The stock market at large has been reaching new heights, yet 11 of the 30 heavyweights of the Dow Jones Industrial Average are taking a beating this year.
Leading the pack of underperformers are Boeing (NYSE: BA), Intel (NASDAQ: INTC), Nike (NYSE: NKE), and Apple (NASDAQ: AAPL) — a surprising turn of events given the soaring success of the broader semiconductor industry and major tech stocks.
Boeing: Navigating Crisis Amidst Turbulence
Boeing’s journey in 2024 has been riddled with challenges. An unsettling incident on Jan. 5, involving a Boeing 737-9 MAX door plug detaching mid-flight, threw the company into a tailspin. Subsequent efforts to regain trust and ensure safety have been an uphill battle.
By Jan. 24, the Federal Aviation Administration (FAA) took action, pausing Boeing MAX’s production expansion to delve into Boeing’s maintenance and quality control practices.
On March 4, the FAA highlighted multiple instances of alleged non-compliance with manufacturing quality control requirements within Boeing’s processes, parts handling, and product control.
Boeing’s response on March 20 was to slow down production, consuming more cash in a bid to elevate quality standards.
Such incidents, especially concerning safety, bode ill for Boeing’s 2025/2026 objectives. The company’s anticipated $10 billion in annual free cash flow during that timeframe seems increasingly unattainable. Having weathered a severe blow during the COVID-19 crisis, Boeing’s shares remain over 57% below their peak.
Once a crowned jewel of the Dow, Boeing now hovers closer to the middle ground. With investor tolerance wearing thin, the stock faces headwinds that may prolong its recovery process.
Intel: Charting a New Path Forward
The tale of Intel in 2023 was one of resounding success, with a remarkable 90% surge, fuelled by renewed investor confidence in the company’s trajectory. However, past missteps haunting Intel cannot be easily erased.
Intel’s narrative epitomizes how a leading player in a dynamic sector can swiftly lose ground. Yielding market share in the CPU sphere and missing out on the AI-driven GPU surge, Intel is banking on growth in the foundry sector to claim the mantle of the second-largest foundry by 2030.
Notably, Intel is bolstered by government funding, pouring resources into establishing domestic foundries in the U.S. This move seeks to mitigate geopolitical risks of over-reliance on Taiwan, even as Taiwan Semiconductor Manufacturing also ventures into U.S.-based fabs.
Although Intel has been reinvigorated from its previous stagnation, investors anticipate a lengthy runway for its growth aspirations, explaining the recent stock pullback.
Nike: Tackling Headwinds with Stride
Nike finds itself at a crossroads, grappling with two significant challenges. First, sluggish growth in China prompted a revision of Nike’s full-year revenue outlook to a mere 1% expansion compared to fiscal 2023. Softness across regions including China, Europe, the Middle East, and Africa contributed to this reassessment.
Historically adept at navigating competition, Nike now faces intensified rivalry. Players like Lululemon, On Holding, and Hoka, under the umbrella of Deckers Outdoor, are gaining traction in the market, posing a formidable threat to Nike’s dominance.
Despite its size advantage, Nike’s revenue growth over the past three years clocks in at a tepid 15.8%, underscoring the urgency to revitalize its market presence amidst mounting competitors.
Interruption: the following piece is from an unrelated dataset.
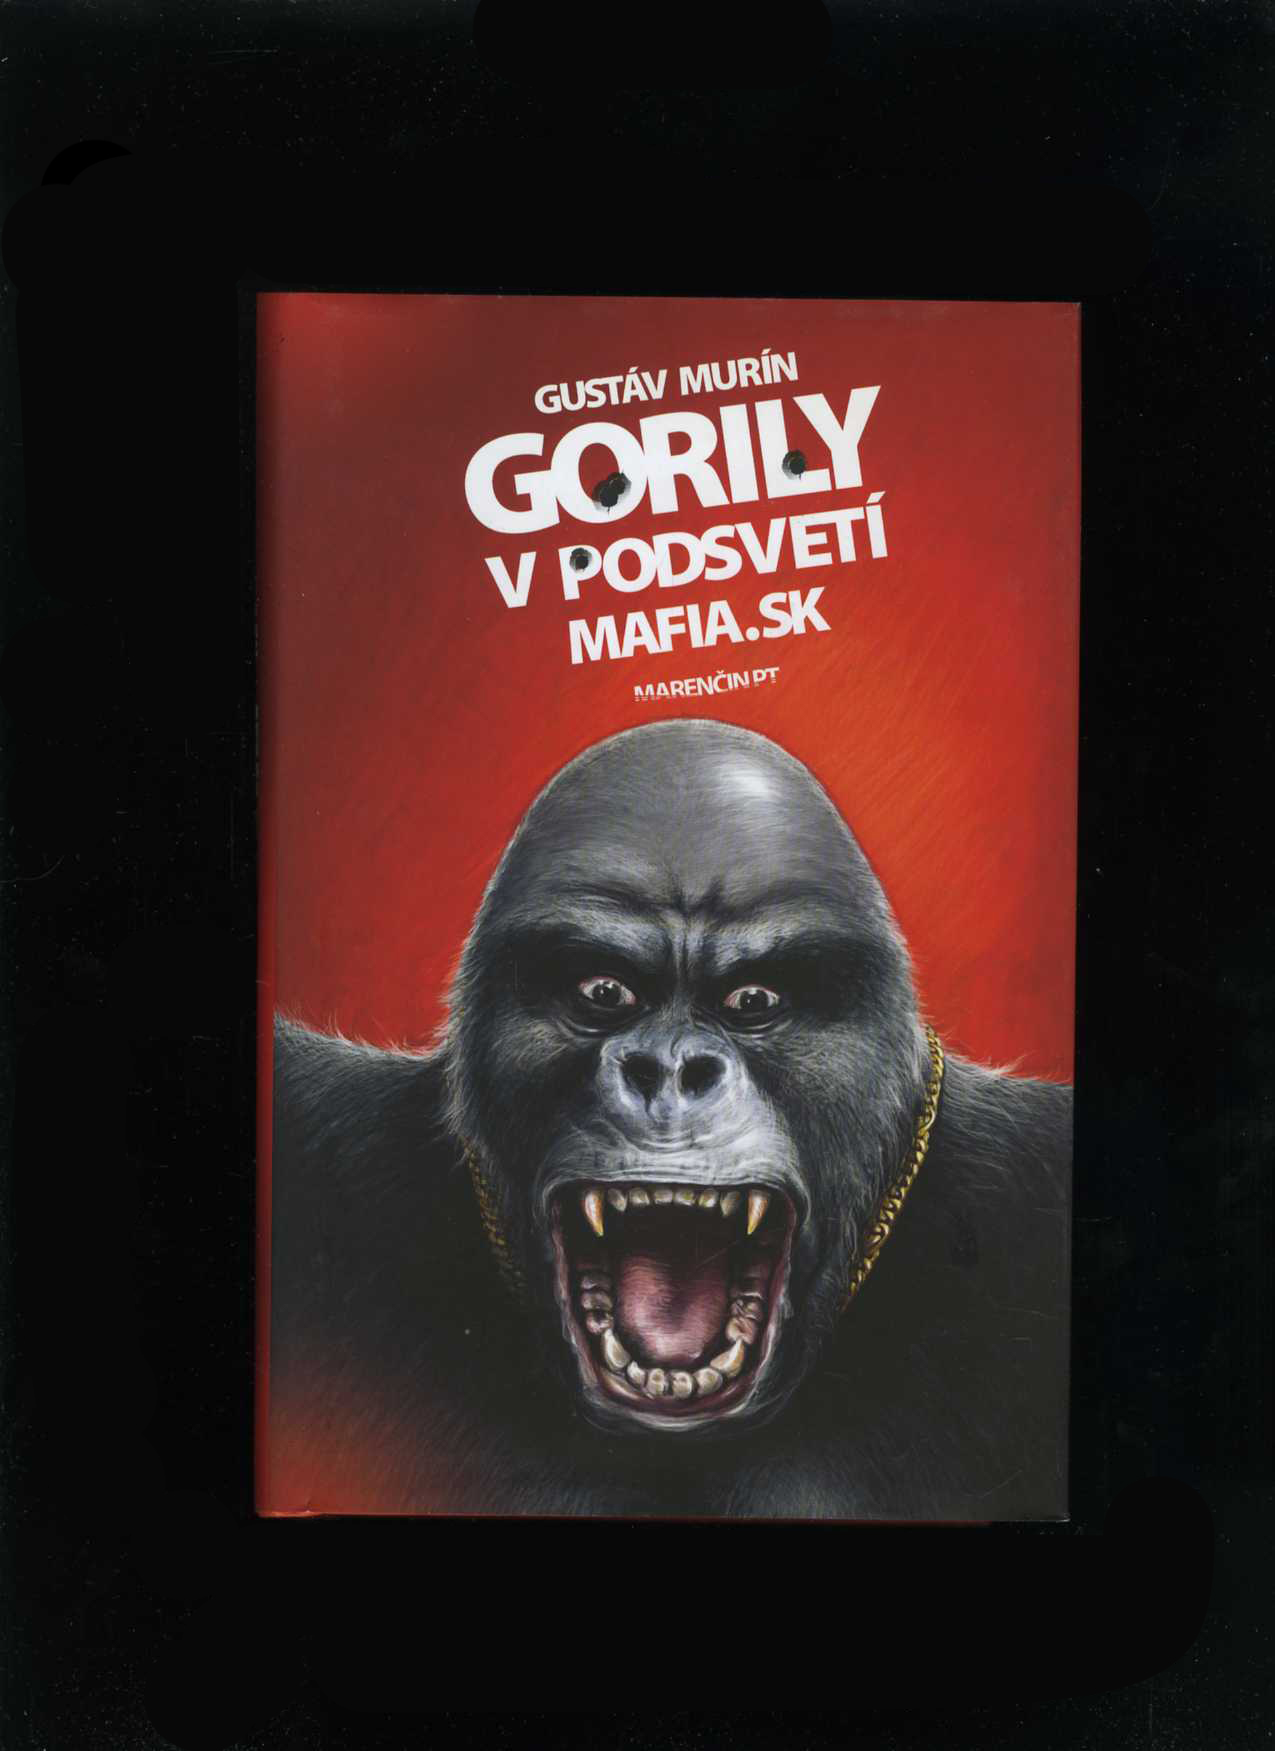 Gorily v podsvetí (Gustáv Murín)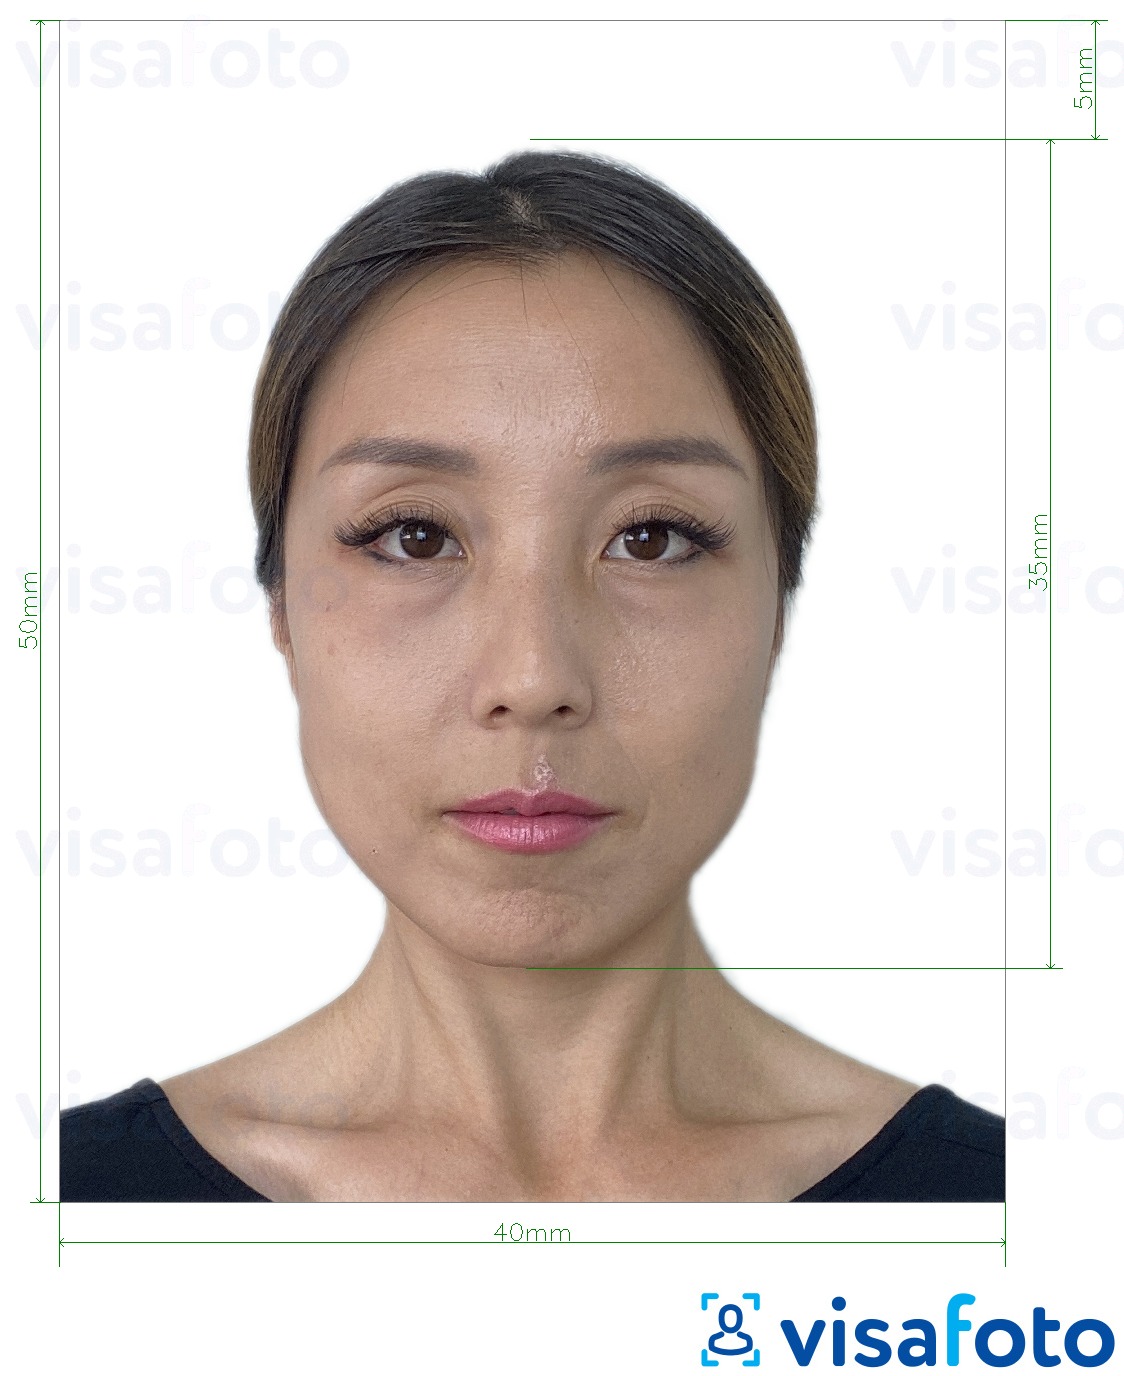 نمونه ی یک عکس برای پاسپورت هنگ کنگ 40x50 میلی متر (4x5 سانتیمتر) با مشخصات دقیق

Perception and robust marketing underpin Nike’s ability to command premium pricing in a commoditized industry. The recent downturn in Nike’s valuation, with a price-to-earnings ratio of 29.3 compared to a five-year median of 34.6, presents an opportunistic entry point for value investors.
Apple: Pioneering Innovation Amidst Challenges
Apple’s recent market struggles are not without merit. The company’s calculated maneuvers to offset diminishing growth are a strategic response to evolving industry landscapes.